The Blessing of Empowerment Begins at Home

By Rabbi Michael Levy, Board Member of
Yad HaChazakah and Director of Travel Training, NYCT

In Balak, this week’s Torah portion, Bilaam’s blessings to Israel (albeit reluctant) begin with “How goodly are your tents, O Jacob, your dwelling places, O Israel” (Numbers 24, 5.)    My blessings, as a very young child, began when my parents decided that in our home, I would be treated just like my brother and sister, to the greatest extent possible.


Last week, on June 14, I shared my “blindness” experiences and my parents’ courage with the parents of 18 blind Orthodox Jewish children. Visions, a blindness rehabilitation agency, had gathered the families for a free “kosher weekend” in a beautiful camp environment, to help them begin the journey towards rehabilitation and independence.


After the shock of discovering that I was blind, my parents moved on to take hundreds of “age-appropriate” small steps, day by day, to lead me to an empowered independent life.

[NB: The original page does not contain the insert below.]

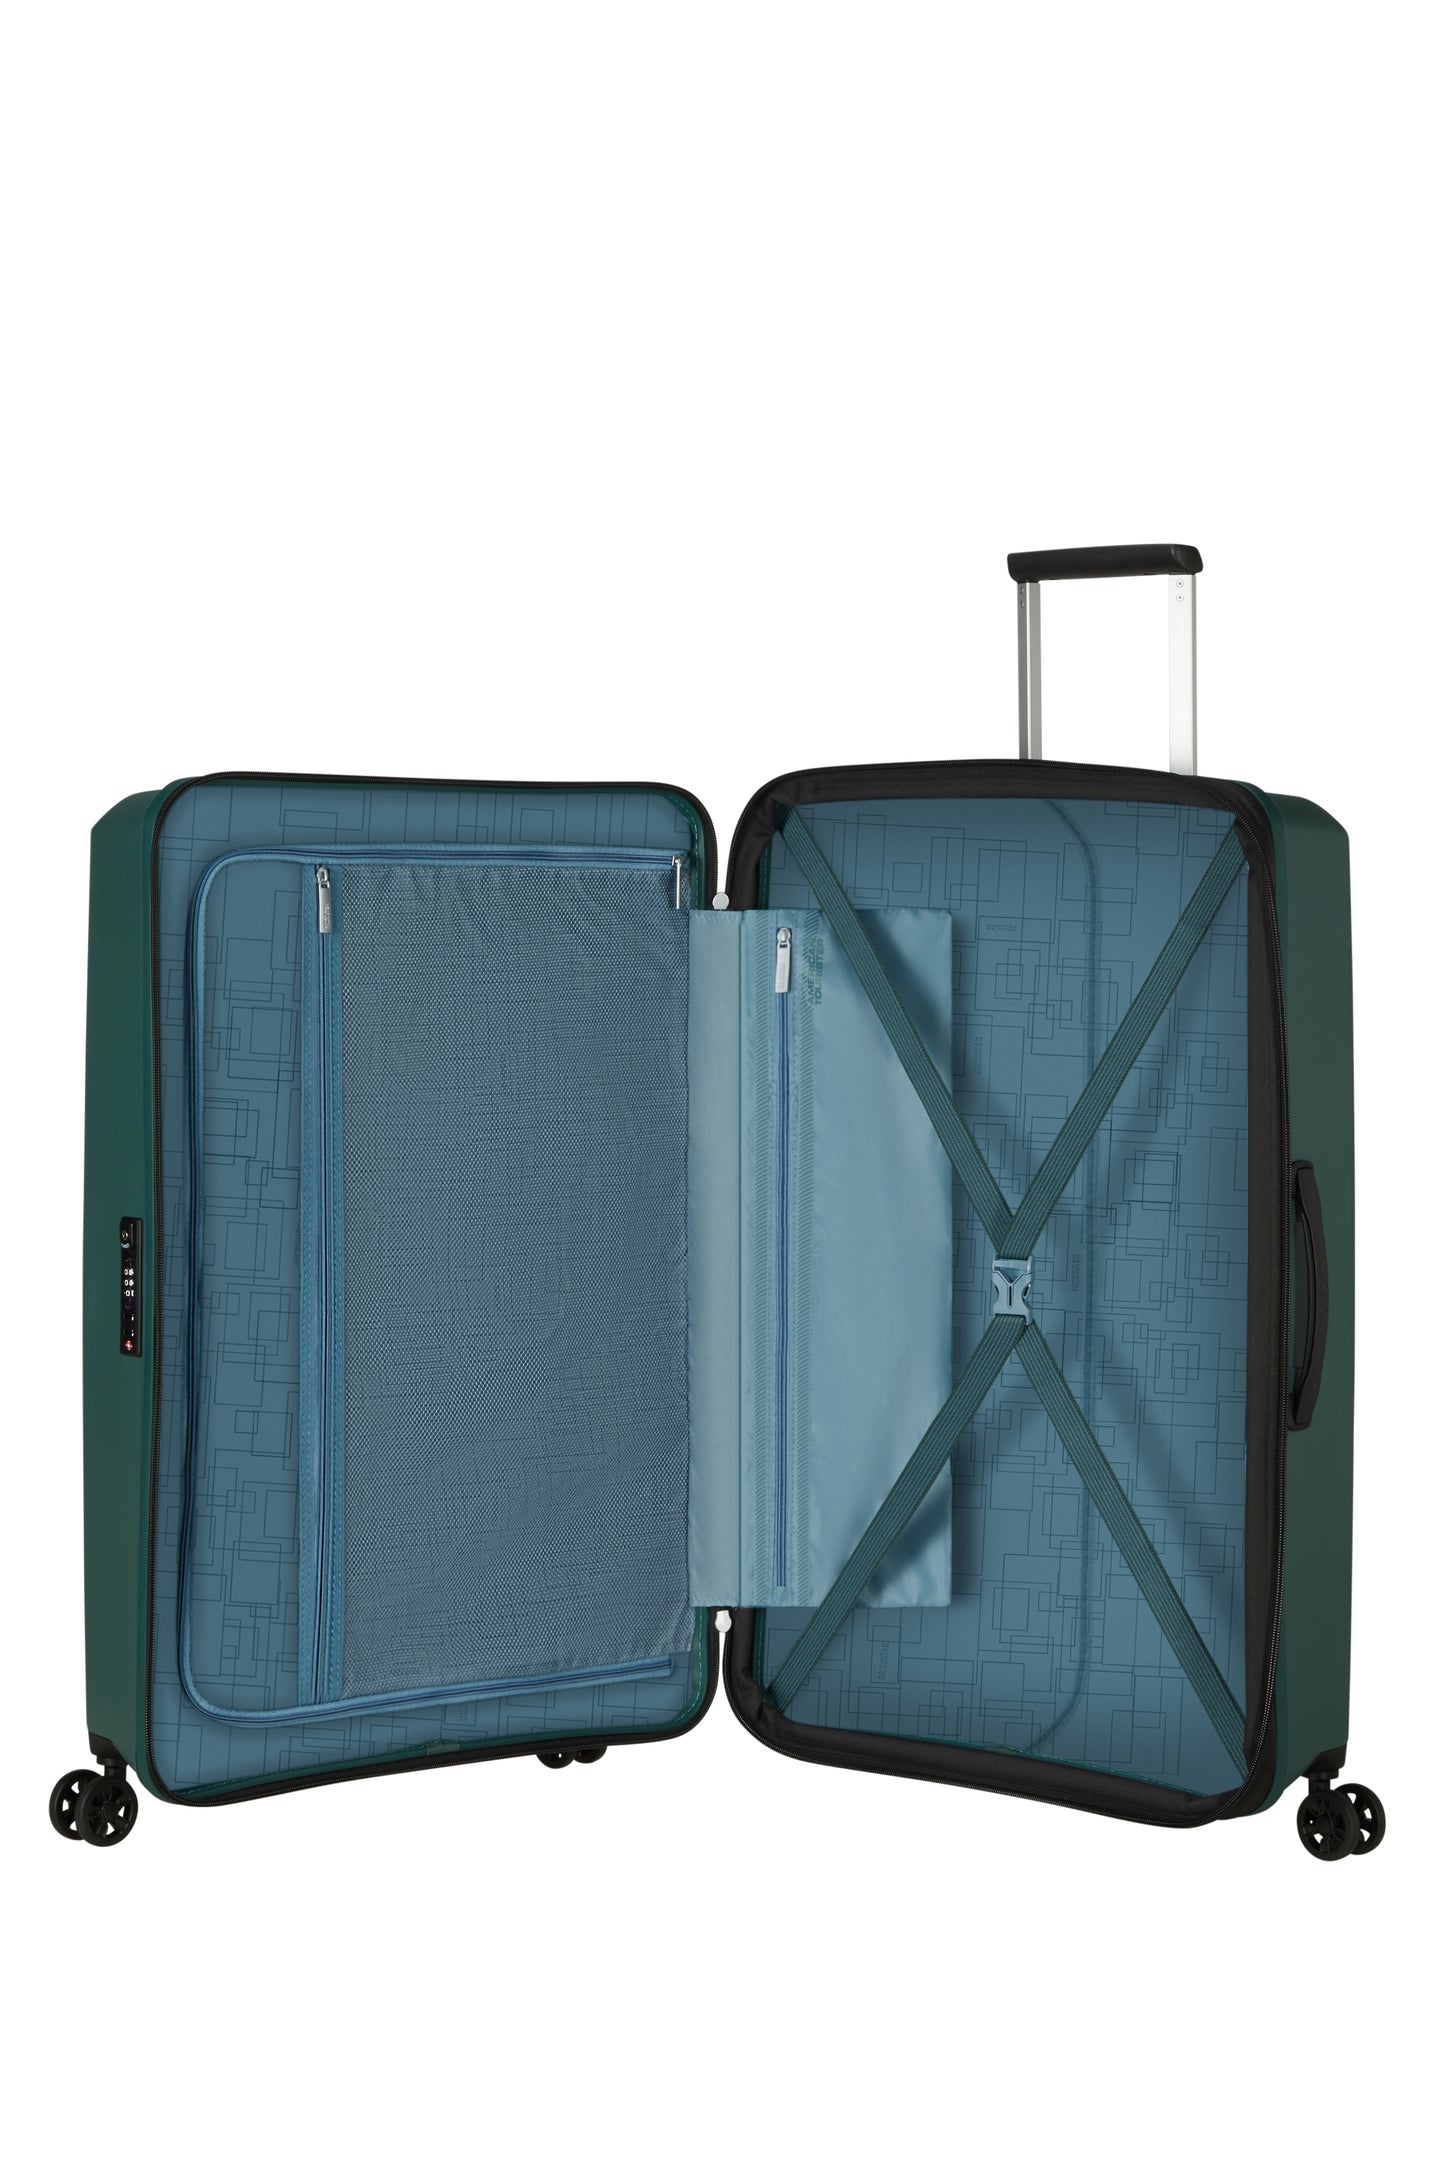 American Tourister AEROSTEP spinner 77 exp  forest
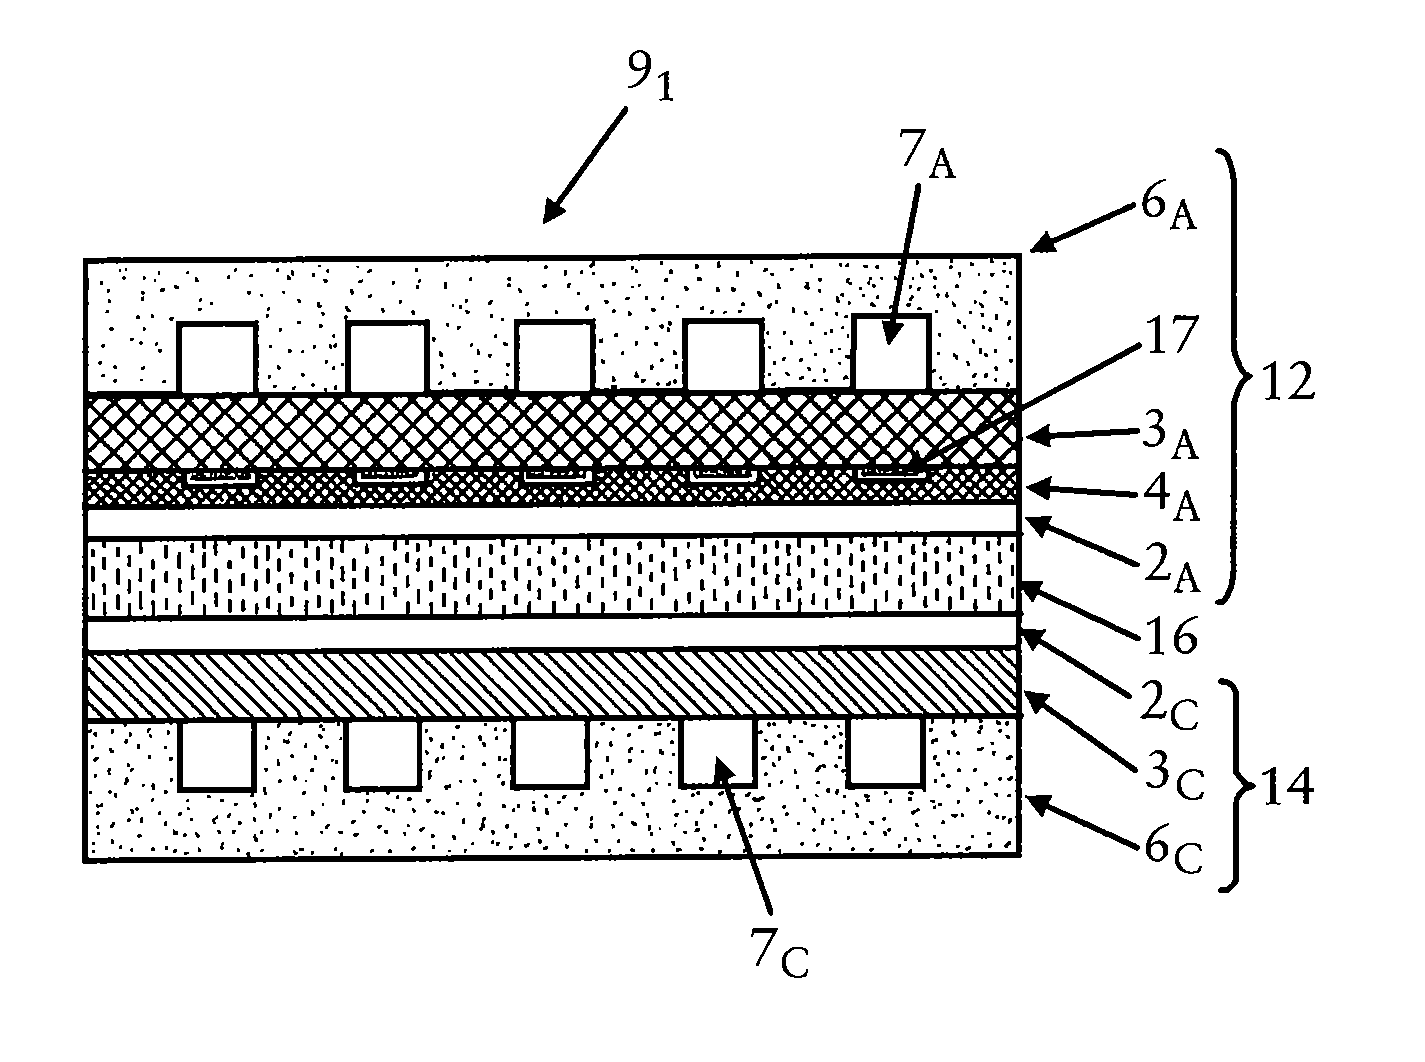 Anode electrodes for direct oxidation fuel cells and systems operating with concentrated liquid fuel

The predominant theme was that life was fun and exciting.  I ducked under waves, slid down snowhills in “flying saucers,” lit the fireplace, and shpritzed milk all over myself when my brother made me laugh.  I lay on top of a wide wooden fence, so that half of me was in Belmar and half of me was in Spring Lake.

At age 3, I fell on the sidewalk.  My parents saw their disabled child cry, but they let me explore the sidewalk again, then the back yard, and of course the mysterious attic.  After mobility training at age 12, I walked alone to school (my mother followed me only the first time.).  As a teenager, I rather liked walking in solitude on the boardwalk, thinking deep adolescent thoughts. By age 18, I was choosing which college to attend.


I cracked an egg too violently, splattering the kitchen floor.  I lost at cards and checkers.  A disabled child who is never allowed to fail never learns to move past his frustration and try again.  Whether it’s davening for the amud or swimming, the first time you do it (disabled or not) is much harder than the 123rd time.


“Don’t you ever contradict your father in public.”  My parents taught me many rules, doing their best to make me a mentsch.  I sometimes resisted, and was disciplined just like my siblings.  That’s how you learn to obey G-d—-and your boss.

Guided by JBI International and the New Jersey Commission for the Blind, my parents found the communications and skill-building resources to help me get along in a sighted world.  By eighth grade, I began to be responsible for planning—-inquiring about the textbooks to be brailled for the upcoming fall.  It doesn’t seem fair that you have to plan so far ahead because you’re disabled, but that’s how it is.


If there’s courage here, it belongs to my parents.  They fought off the stereotypical messages condemning the disabled to special lives of dependence and lack of productivity.  They proved their belief that the perceived “curse” of disability can be transformed into a life overflowing with genuine blessings.